This Knowledge Exchange Strategic Plan (KESP) aims to provide a cohesive approach to the
development of knowledge exchange activities set within a long-term direction and offering
best possible use of resources for maximum educational, economic and social impacts.
The KESP has been developed using a Pakistan evidence base and drawing on expertise and
experience from global, specifically UK, knowledge exchange apex bodies, universities,
business and other stakeholders. This will place Pakistan at the forefront of thinking and
development approaches to knowledge exchange giving the country an opportunity to leap
frog quickly up the world performance tables (with regard to the knowledge economy and
exchange). Assuming the operating environment remains favourable and there is relative
stability, whether the country is able to capitalise on this advantage will be down to the
effectiveness and motivation of implementation and implementers respectively.

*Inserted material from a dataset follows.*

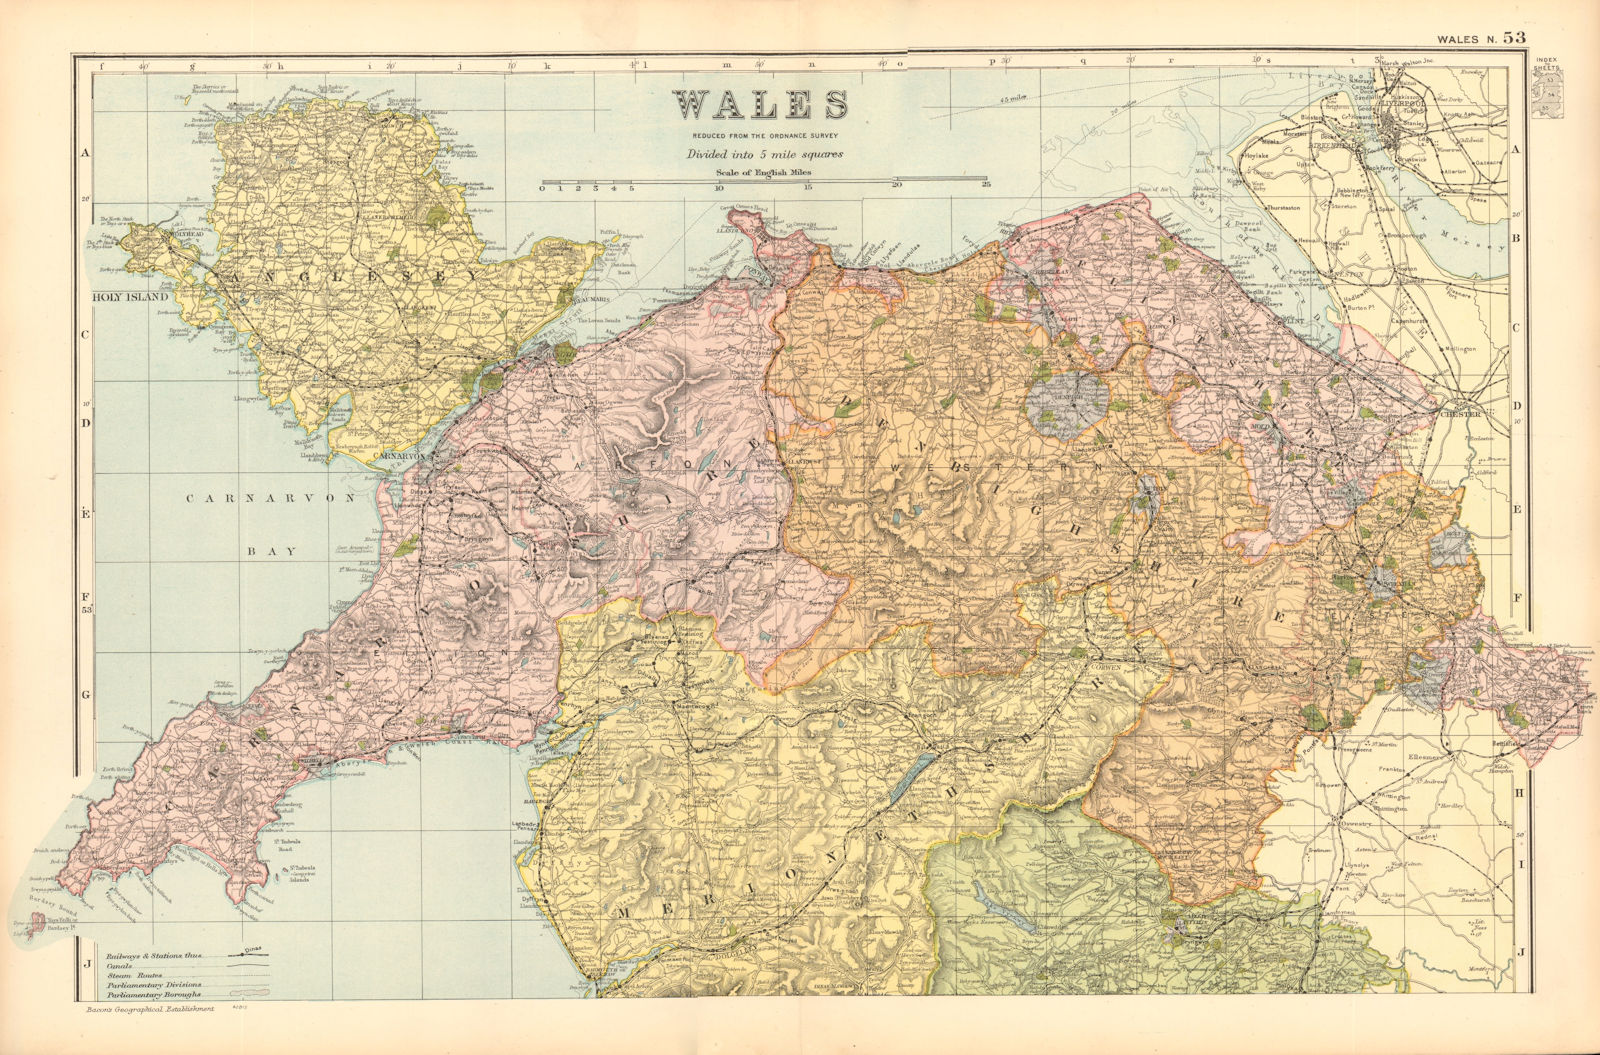 NORTH WALES. Showing Parliamentary divisions & boroughs. BACON 1904 old map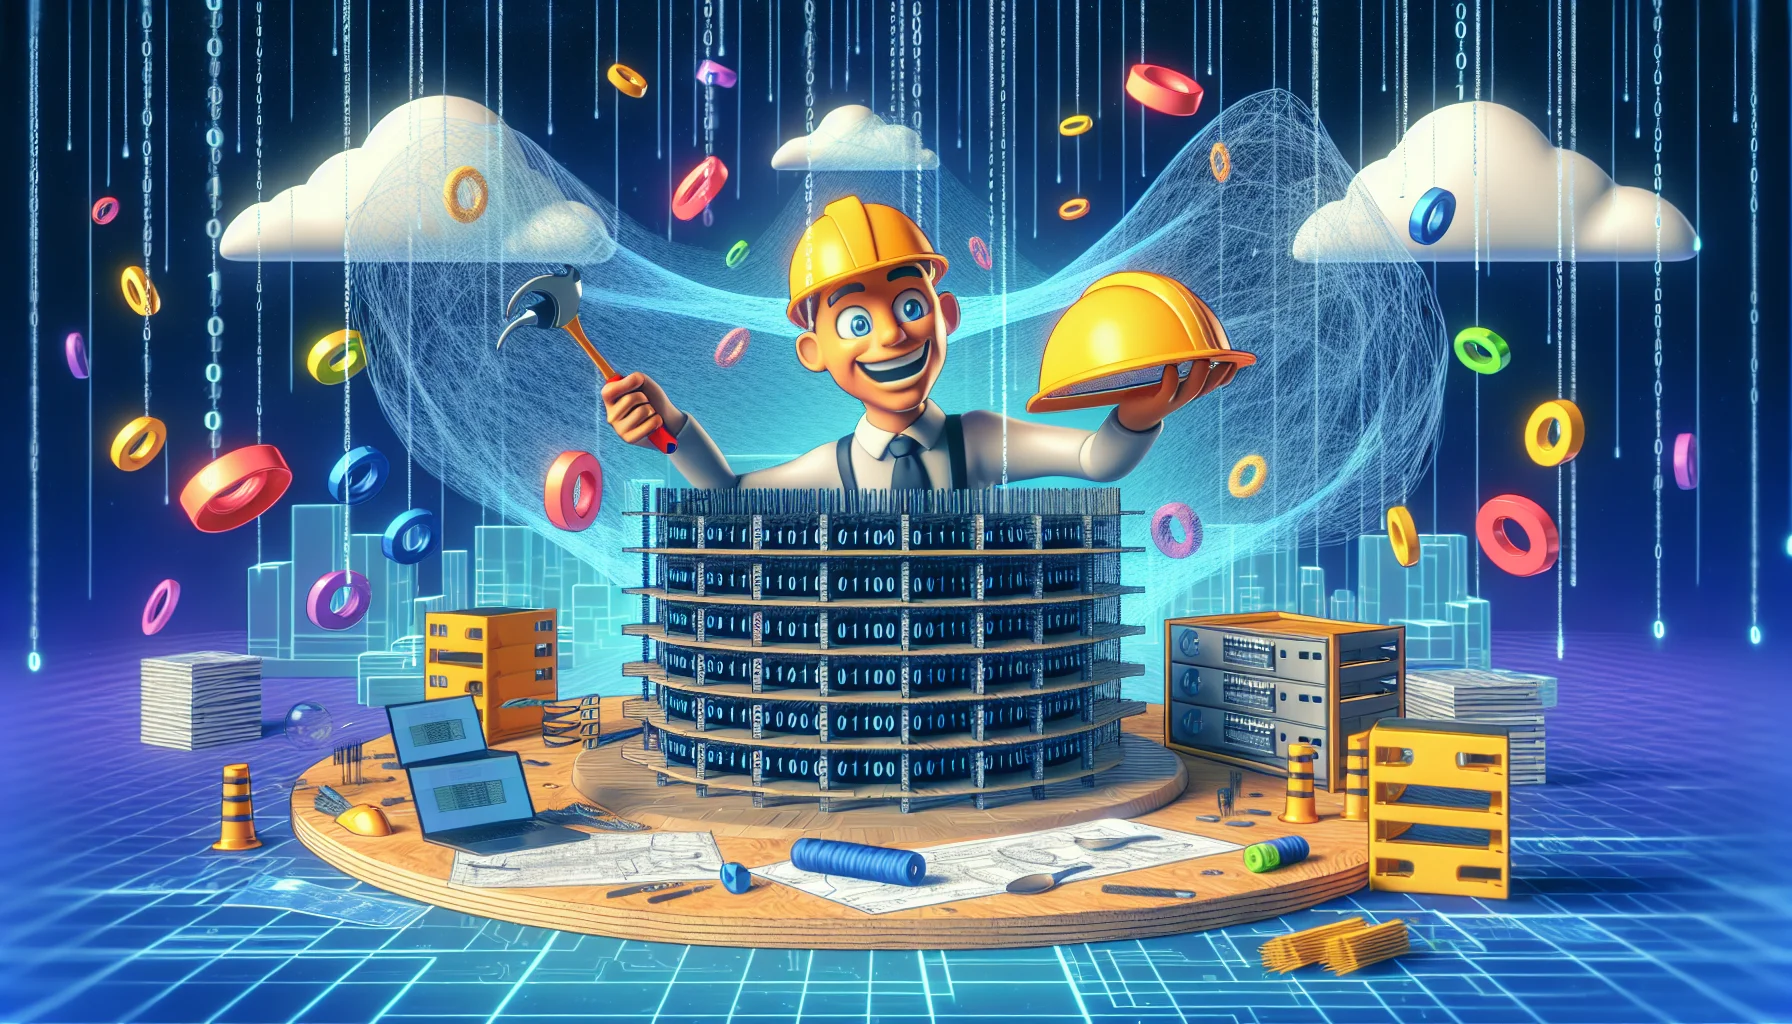 Visualize a comical scene featuring a website builder tool without any branding, portrayed as a character with a jovial demeanor. This character is masterfully constructing a digital web hosting platform, spinning webs made of binary code, with bits and bytes floating around in a setting that is full of vibrant colors. Settings from a construction site are blended in such as hard hats and blueprints but all attuned to the digital theme. Through this fun and playful depiction, viewers should feel enticed about the idea of web hosting.

The KESP is the guidance for HEC to drive knowledge exchange activity in Pakistan.
However HEC will rely on the buy-in and support of apex bodies and key stakeholders from
the other exchange communities i.e. business, public and third sector, to be effective. This is
part of HEC’s role as described in the Plan Part Two.
The document provides specific achievable goals and overview action plans and guidance on
how to meet these goals. It stops short of providing the tool kits or support resources
recommended: these should be developed in the period before implementation (March June 2012). It is anticipated that this will form a baseline document, a starting point for new
teams, KE professionals and leaders from which they will develop their own thinking and
actions, their own ways of achieving the objectives described. We expect knowledge
exchange in Pakistan to evolve in an iterative process: this document’s role is to set the
scene, provide the scope and give direction.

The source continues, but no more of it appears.